Savory Crepe fillings:
Any meat (deli or cooked and diced) or cheeses.
Soft cheeses and fresh herbs such as goat cheese and chives or fresh mozzarella and basil.
Chopped and steamed or sauteed vegetables with soft cheeses, mushrooms, and herbs.

Sweet Crepe Fillings:
Creamy éclair type filling (see recipe below).
Nutella
Any sliced fruit or berries mixed with sugar (allow to sit for a few mins).
Spoon juice over top.
Softened vanilla ice cream topped with chocolate sauce or sauteed apples and warm caramel sauce.

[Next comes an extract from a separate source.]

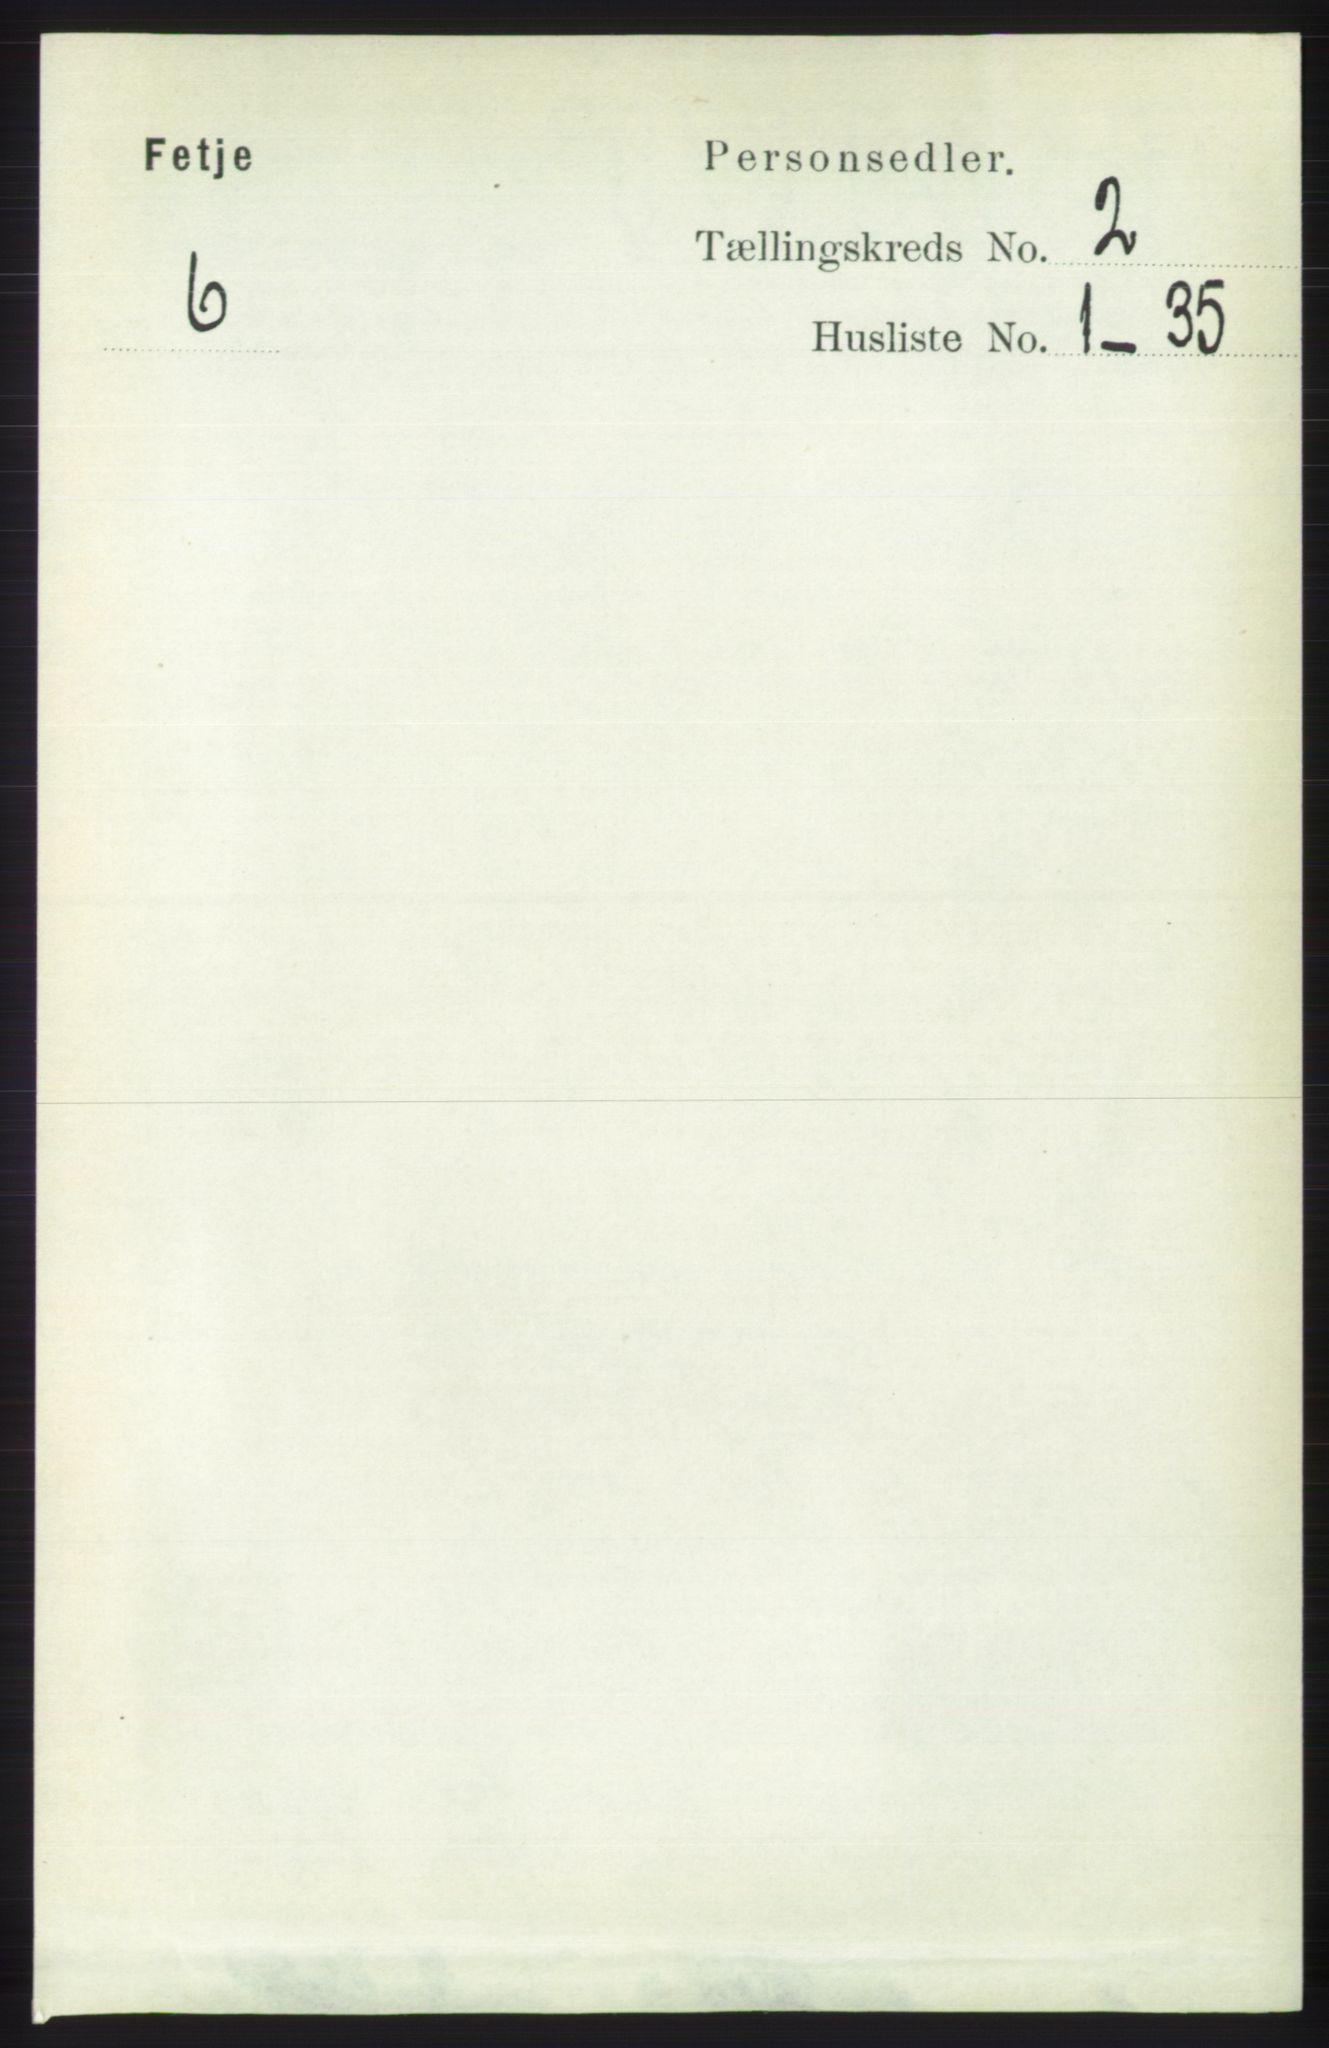 RA, Folketelling 1891 for 1222 Fitjar herred, 1891, s. 646

Sweet Crepe Cream Filling:
8 oz. cream cheese, softened
¼ cup butter (½ stick of butter), softened
¼ C. sugar
1 ½ tsp. vanilla
1 tsp. lemon rind
1 8oz. tub Cool Whip
Mix together cream cheese, butter, sugar, vanilla and lemon rind until creamy. Fold in Cool whip. Spoon a tablespoon or so of the filling down the center of crepe and roll. Top with favorite toppings such as fruit or ganache (chocolate glaze) or any of the toppings suggested above.


French Bistro Dinner Party Ideas:
Chalk board with menu written
Simple white or beige cotton table cloth, simple dishes and napkins
Bud vase with single stem rose
Votive candles
French music
Everyday type goblets
Cheese and bread tray
Dress in your favorite black turtleneck and beret!